被上告人 被控訴人 原告 足立義隆 被告 山根まつ

主文

原判決を破棄する。

本件を鳥取地方裁判所に差戻す。

理由

本件上告理由は別紙記載の通りであり、これに対する当裁判所の判断は次の通りである。

上告人の主張によれば、上告人は昭和二一年一月四日被上告人山根より本件公正証書に表示された本件債権を譲受け、譲渡人たる同被上告人は同年二月四日及び同年六月六日債務者たる被上告人足立に対し右債権譲渡の通知をしたというのである。そして本件記録によれば、被上告人足立より被上告人山根に対する本件請求異議の訴が提起された日は同年一月六日であり、その訴状が被告たる被上告人山根に送達された日は同月二十八日である。上告人は右債権譲渡通知のなされるまでは、債務者たる被上告人足立に対し本件債権を請求し得ないのであるから、それまでの間は右債権譲渡は譲渡当事者間において相対的な効力を有するに止まる。
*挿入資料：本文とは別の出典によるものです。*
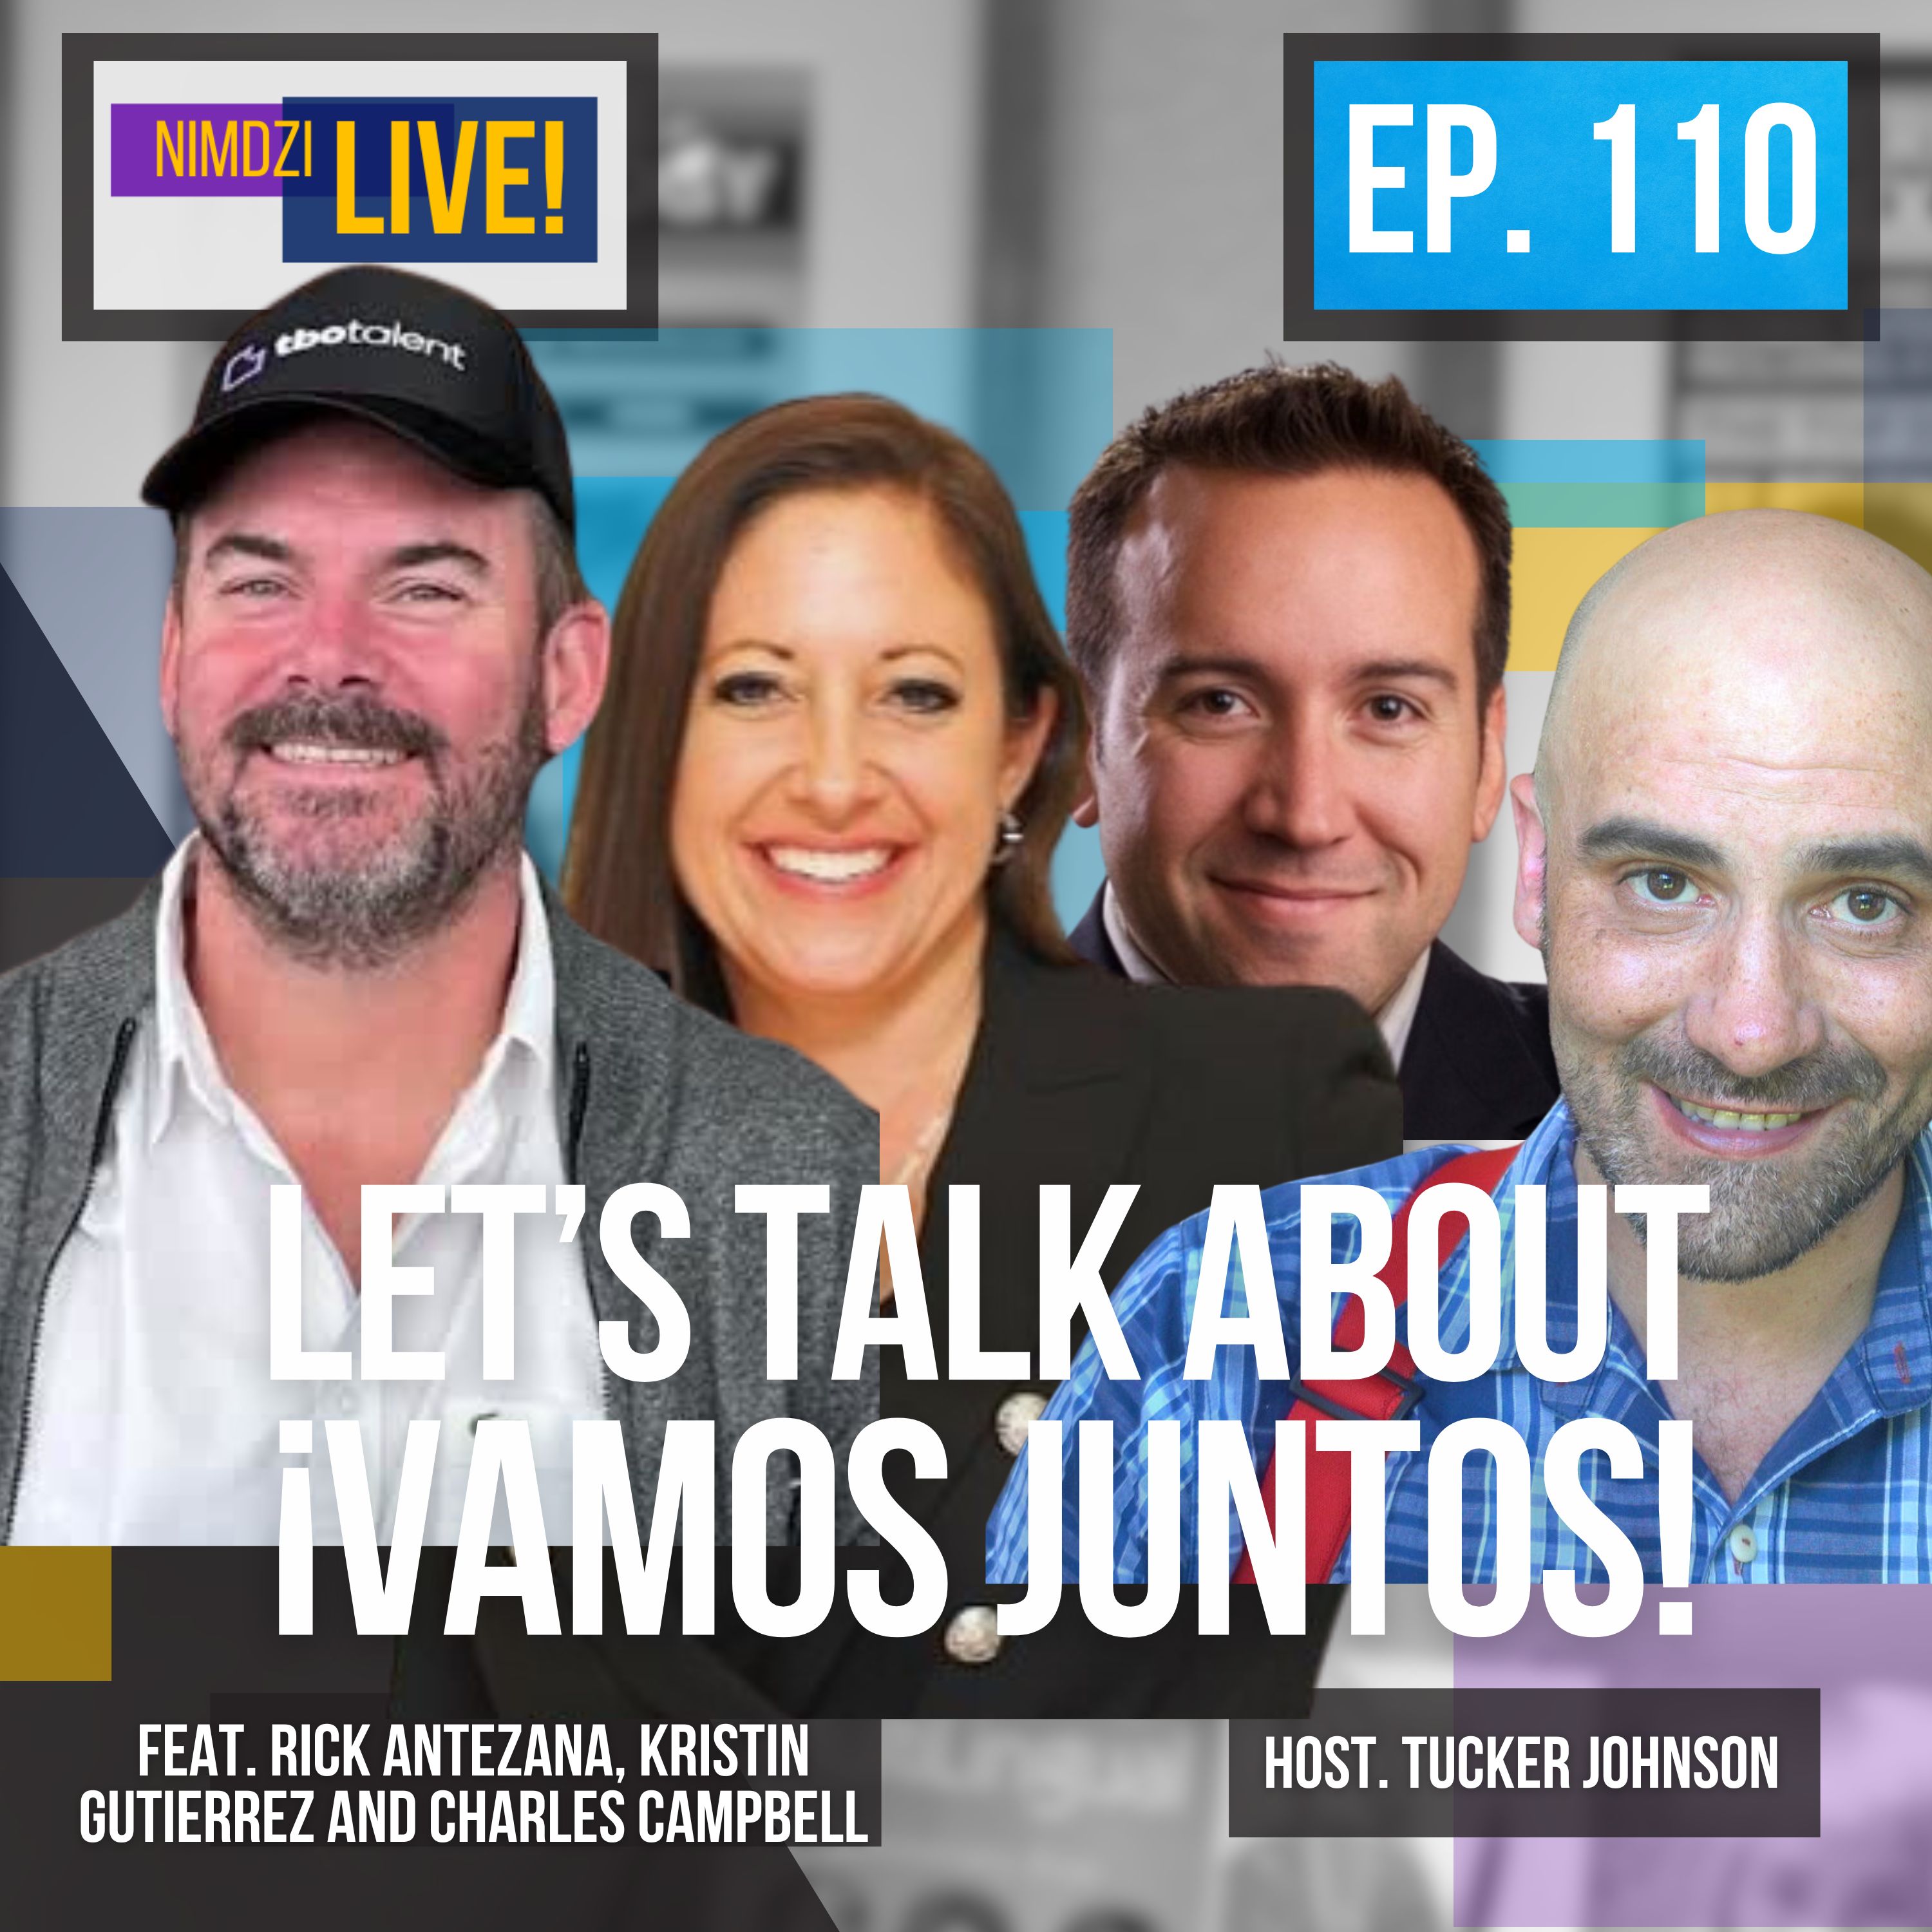 Let's talk about VAMOS JUNTOS!

従つて、上告人主張の事実関係によれば、被上告人足立に対する関係においては本件債権の譲渡は同被上告人に対し債権譲渡の通知のなされた時すなわち本訴係属中に完全にその効力を生じたものといわねばならぬ。ところで、請求異議の訴は債務名義に債権者として表示せられた者又は執行文に債権者の承継人として表示せられた者を被告として提起せられるのを原則とするが、その債務名義に表示せられた債権につき承継のあつた場合には、未だその承継人において執行文の付与を受けていなくても、その承継人を被告として請求異議の訴を提起し得るのである(参照大審院昭和六年(オ)第二六九四号昭和七年一一月三〇日言渡判決)。上告人がその主張の通り本件公正証書に表示された債権を本訴係属中譲受けたものとすれば、上告人は本件債権の不存在を理由とする本件公正証書に対する請求異議の訴の被告たる適格を有するに至つたものであつて、若し被上告人足立において欲するならば、民事訴訟法第七四条により上告人に対し本件請求異議の訴の引受を申立て得ることは明らかである。右第七四条にいわゆる訴訟の目的たる債務は、請求異議の訴においては排除を求められている債務名義の執行力及びその債務名義に表示せられた給付請求権を指すものと解すべきであるから、上告人の主張によれば、上告人は本件請求異議の訴の係属中に本訴の目的たる債務を承継することによつて、本訴の被告たる地位を重畳的に承継したものといわねばならぬ。そして、民事訴訟法第七三条、第七四条は共に訴訟承継に関する規定であつて訴訟の目的たる権利又は債務の承継人及び相手方に対し既存の訴訟状態を自己のために利用する機会を平等に与えるために設けられたものであるから、右各条文に訴訟の目的たる「権利の譲受け」或は「債務の承継」と規定されているのは通常の場合を例示したのに止まり、共に広く訴訟の係属中何れか一方の当事者の訴訟上の地位につき承継のあつた場合を意味するものに外ならない。従つて訴訟の係属中その訴訟の目的たる債務を承継した者もまた同法第七三条により同法第七一条の参加をなし得る(参照最高裁判所昭和三〇年(オ)第二一八号昭和三二年九月一七日言渡第三小法廷判決)のであるから、上告人が同法第七一条により本件請求異議の訴に参加し得ることは明らかであり、上告人の本件訴訟参加の申立は適法であるといわねばならぬ。右と異なる法律上の見解の下に、これを不適法として却下した原判決は違法であつて破棄を免れない。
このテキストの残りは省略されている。